3 Single and Factorial ANOVA

For this exercise, we will use a related but different problem.

We are interested in how children’s language development and their parent’s socio-economic-status (SES) are related. We also want to see whether gender have an effect on early language development. SES is a well known variable in socio-linguistics (in general in sociology) with levels ‘low’, ‘middle’ and ‘high’. Not surprisingly, gender has two levels ‘female’ and ‘male’.

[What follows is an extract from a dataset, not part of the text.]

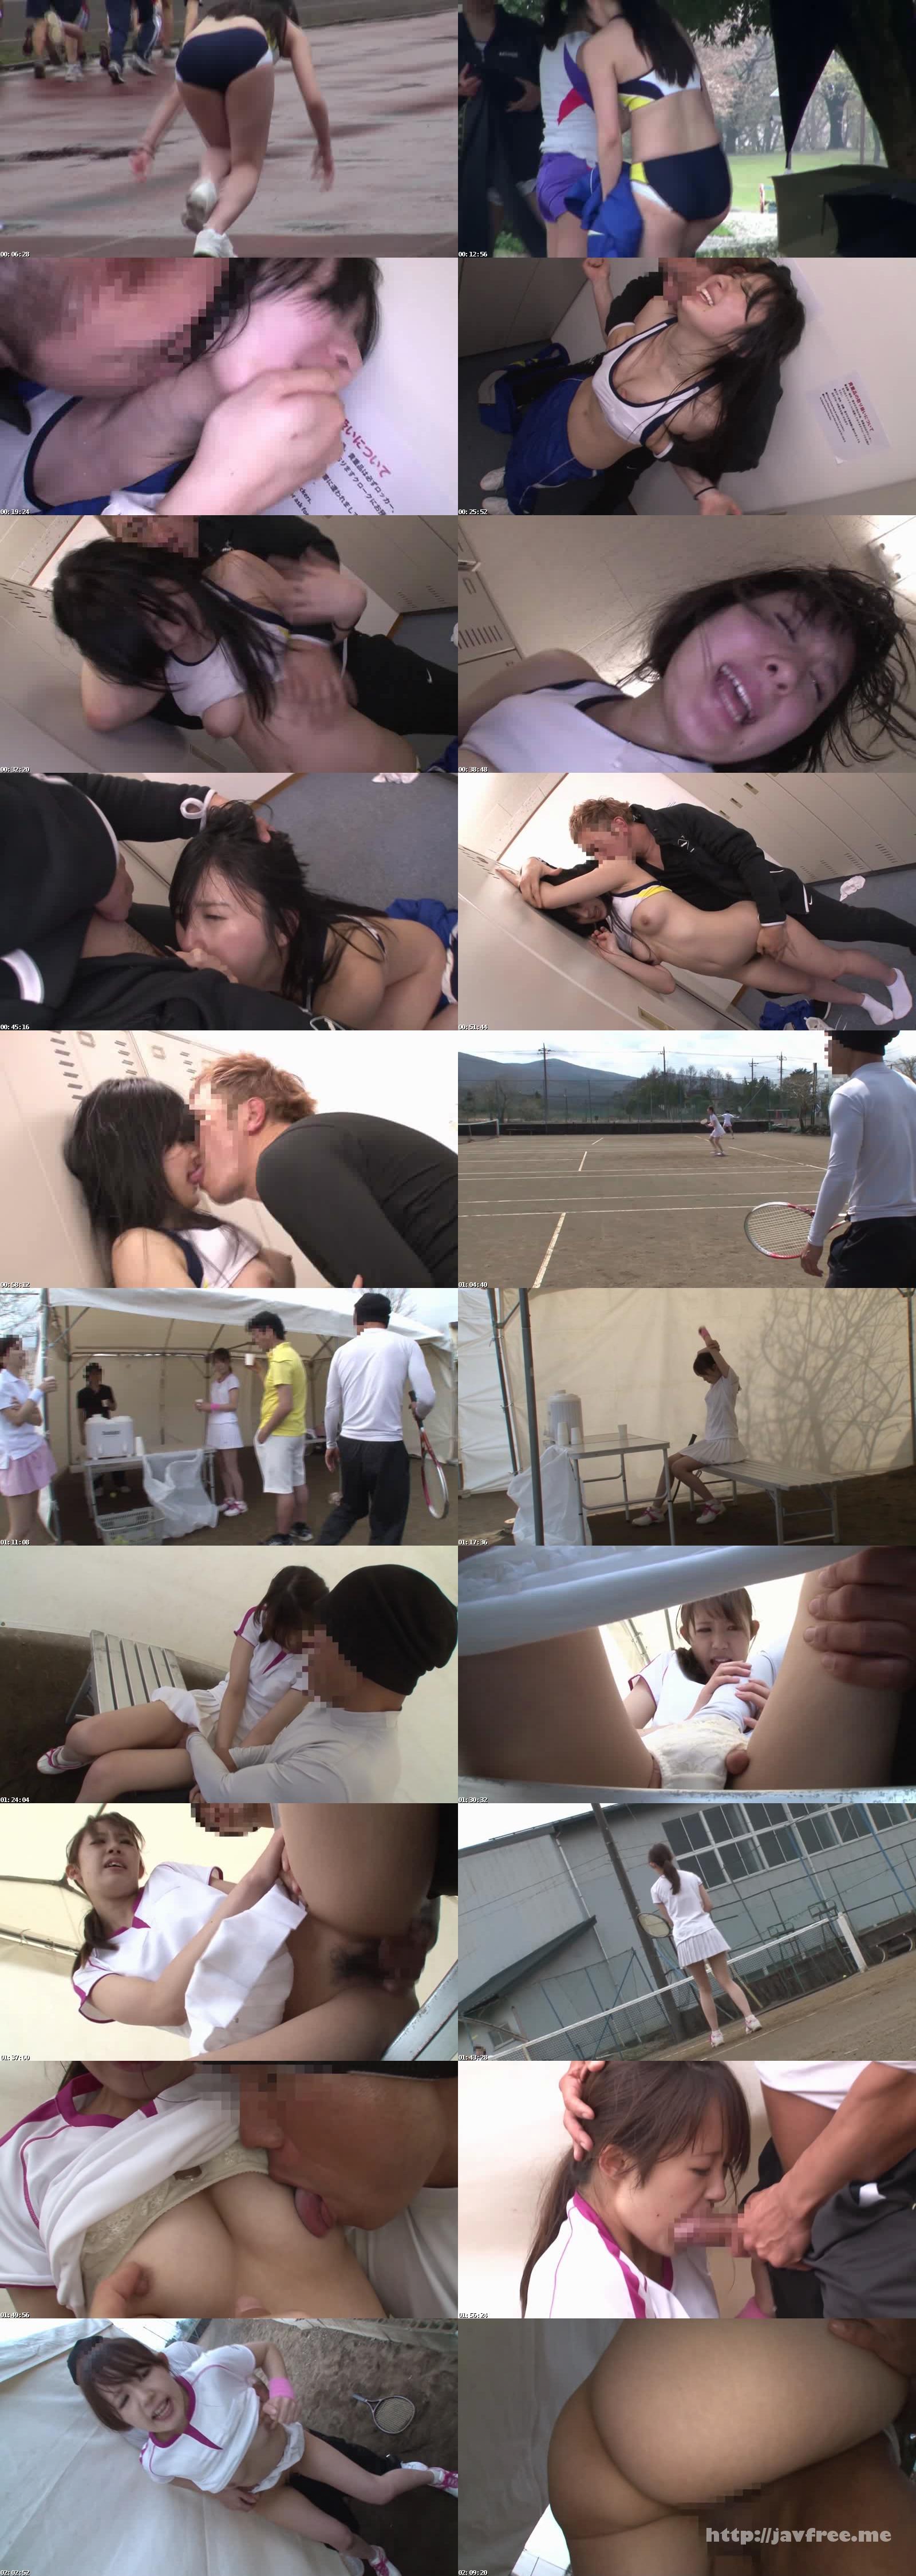 [NHDTA-688] 女子スポーツ選手痴漢〜陸上、テニス、剣道〜 - image NHDTA-688a on https://javfree.me

We recruit 10 3-year-old kids for all combination of these two factors. We record mother-child dialogs in comparable situations, and calculate the MLU for each kid. The data looks like the following:

subject SESgenderMLU
1 low male 1.81
11 lowfemale 1.56
21middle male 2.96
31middlefemale 3.64
41 high male 3.02
51 highfemale 2.79

You can get the full dataset here.

Note: the data (somewhat) matches the results in the literature, but randomly generated for demonstration the analysis. Your results will not necessarily match the reality.

In all questions, assume an α-level of 0.05.

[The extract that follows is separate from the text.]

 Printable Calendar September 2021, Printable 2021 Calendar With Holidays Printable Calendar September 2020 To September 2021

Exercise 3.1. Create two box plots, one describing MLU based on SES and the other by gender. Which differences do you expect to be statistically significant?

Exercise 3.2. Check normality of each group of SES using normal Q-Q plots. Do the distributions look normal?

Exercise 3.3. Perform an appropriate ANOVA to investigate the effect of SES on children’s MLU. Make sure to include the test for homogeneity of variances in the options dialog, and also include pairwise comparisons using Bonferroni correction.
  1. Is the homogeneity of variances assumption met? Which part of the output tells you this?
  2. Do you get a significant effect due to SES?
  3. Which levels (groups) of the SES differ from each other significantly?

Exercise 3.4. Perform a two-way ANOVA using both factors, SES and gender. Make sure to include the test for homogeneity, effect sizes, and the interaction plot in the SPSS output (TIP: interpretation is easier if you put gender on x-axis, and plot SES as separate lines).
  1. Do you see any interaction patterns between tow factors in the interaction graph?
  2. Which main effects are statistically significant?
  3. Given the significance of the interaction term, can you interpret the main effects directly?
  4. How do you interpret the effect sizes for the significant effects you have found.